In conclusion, the minimum carbon credit costs for the CGS project are found to be much higher than the current market price of carbon credit in Thailand, which is only around USD 3.5 per ton CO
2e and the capture rate is far lower than those produced from the emission. However, it is found that the amount of CO
2 storage achieved by the CGS project is significantly higher than the carbon sequestration achieved through planting [
16]. Therefore, if the market value of carbon credit costs is improved, the CGS project in the Mae Moh basin of Thailand can be economically feasible.
5. Conclusions
The economic analysis of CO2 injection in Mae Moh basin area was implemented in this study to estimate the total costs of carbon geological storage. The well completion design was employed to specify the necessary well equipment and materials for the determination of CAPEX while the CO2 injection design was performed by nodal analysis in the PROSPER® simulation program to estimate the operating injection rate and costs. The completion of a CO2 injection well is similar to that of a conventional petroleum well, with the exception being that CO2-resistant equipment and materials are required for casing, cementing, and tubing. Based on these considerations, the calculated value of the CAPEX for constructing a well to the target depth of 1600 ft is approximately USD 756,600. In addition to the CAPEX, the study estimated the total OPEX for CO2 capture, transport, and injection. The annual OPEX is approximately USD 2,030,000 per well, with an injecting capacity of 29,530 tons of CO2 per year. To make this project financially feasible, the minimum carbon credit cost required is USD 72.50 per tCO2e, which is significantly higher than the market value of carbon credit in Thailand. This breakeven point can be reduced by increasing the tubing diameter or wellhead pressure, as this would increase the injecting capacity and reduce the cost per injected unit. However, it is noted that higher injection costs are required when the injection temperature is increased due to a larger proportion of CO2 in the gas phase.

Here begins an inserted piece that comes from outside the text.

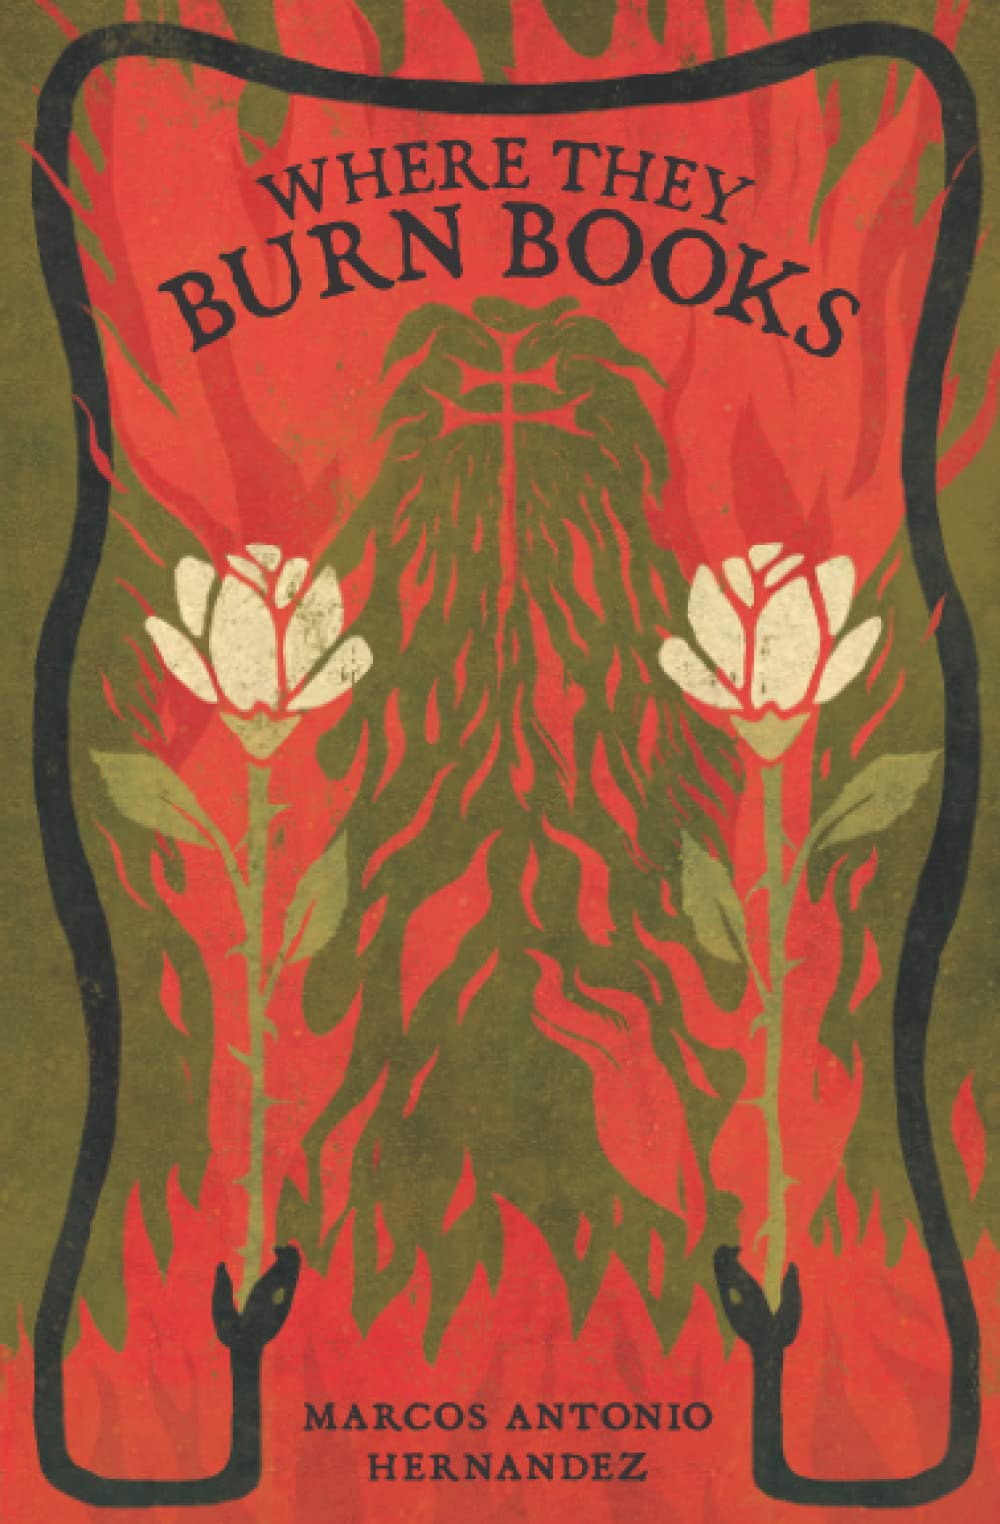 Where They Burn Books (Hispanic American Heritage Stories - Paperback Variant #2)

However, this study has several limitations that need to be considered. Firstly, the capital and operating costs of carbon geological storage were estimated specifically for the Mae Moh basin area. Therefore, these values may vary in other locations and need to be recalculated on a case-by-case basis. Another limitation is that the carbon storage cost, in terms of capture cost, was chosen based on a conservative estimate from the literature related to coal power plants. If CO2 is generated from a different energy source, the actual cost may differ from the value selected in this study, impacting the economic analysis of carbon geological storage costs. Hence, this factor also needs to be taken into account on a case-by-case basis.
Since the beginning of the 2020s, Thailand has seen a growing awareness of the Sustainable Development Goals (SDGs) and greenhouse gas emissions. This has prompted both the government and private sector to step up and play their part in reducing emissions. Consequently, the carbon market in Thailand has a tendency of growth, leading to an expansion of incentives and regulations. This upward trend could potentially drive up the price of carbon, making it financially feasible to pursue the operation of CGS projects. However, since the regulatory framework is still in its early stages of development, Thailand’s capacity of carbon trading in the global market is not verified. Therefore, Thailand’s full engagement in the global carbon market is still uncertain because of this limitation.